Joshua tree might have Toe Jam Death Belay, or maybe Walk on the Wild Side / Right On, since a fair bit of drama happens pretty reg on that saddle.

Wonder what Yosemite might have... I know a story of a hardwoman taking her very fit, very beginner husband up Serenity Crack as one of his first rock climbs (I don't know how that ended up...) and from below witnessed a blowout good 'nuff for TLC. But I don't climb there much, and am not within earshot for 'the good stuff.'

Any others I'm missing?

Trad climber
the middle of CA
Mar 31, 2013 - 11:24pm PT
The first (and last) time my wife climbed anything besides a top-rope was snake dike and she started crying. Luckily she's forgiving!

Trad climber
PDX, North Slope, The Open Road
Mar 31, 2013 - 11:53pm PT
I saw THE most epic couple meltdown on Cathedral Peak in Tuolumne once - the girl was crying, screaming at her BF, she was wearing what looked to be a 50 pound pack...

"Just get your foot up a little bit higher baby"

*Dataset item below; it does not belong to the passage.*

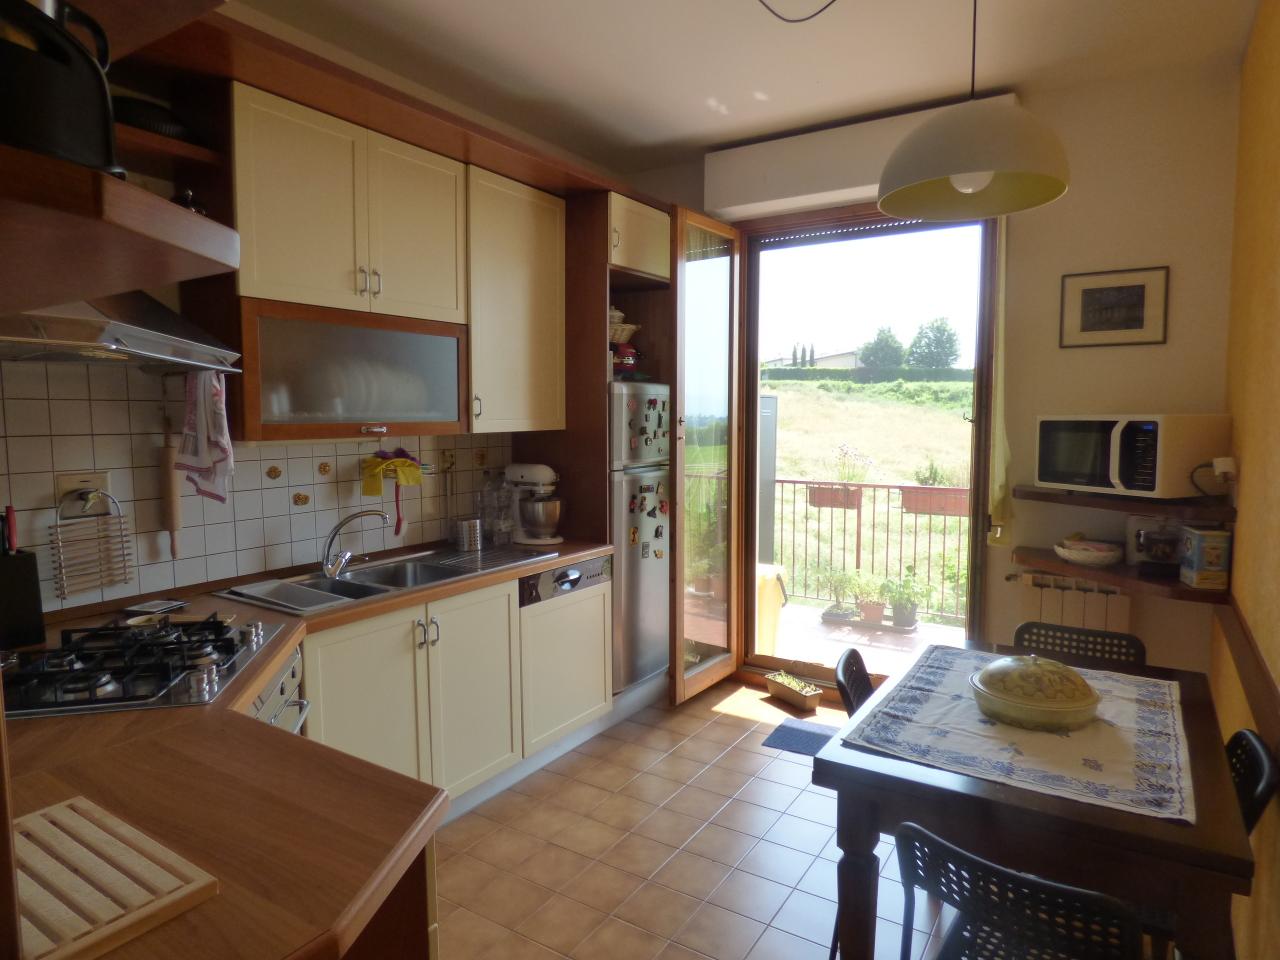 Appartamento in vendita a Scarperia e San Piero, 3 locali, prezzo € 125.000 | PortaleAgenzieImmobiliari.it

After we got above them a bit, I could hear her ripping into him - "I can't believe you took me on this/I'm not having fun/this is horrible..."

Maybe was a break-up?

I guess any climb could be a break up climb depending on the couple/party.

Apr 1, 2013 - 12:01am PT
Almost anything with an offwidth.

Trad climber
reno, nv
Apr 1, 2013 - 12:23am PT
Why not go big wall style... you lead free climbing, she follows you up and cleans using ascenders on the fixed rope? Or vica versa. But then, of course, the ethics police might blast you.
Jerry Dodrill

Apr 1, 2013 - 12:25am PT
As mentioned above, Cathedral Peak has to be a contender. I personally know of two different guys who dragged their girl up, which subsequently turned into a last date. In both cases he was have a fantastic day leading heroically to an impressive summit, and she was doing fine... just f*#king fine.

A funny story was that Galen Rowell nearly had a first/last date when he dragged Barbara up the backside/descent in what must have been around 1981. She insisted on roping up for the entire approach and he was gripped with fear that someone might witness the bizarre scene they were making. Somehow they survived, got married, and she loved to tell the story any time someone asked if she was a climber.

Big Wall climber
Classroom to crag to summer camp
Apr 1, 2013 - 12:32am PT
I've seen the first pitch of After Six brings out the worst in people.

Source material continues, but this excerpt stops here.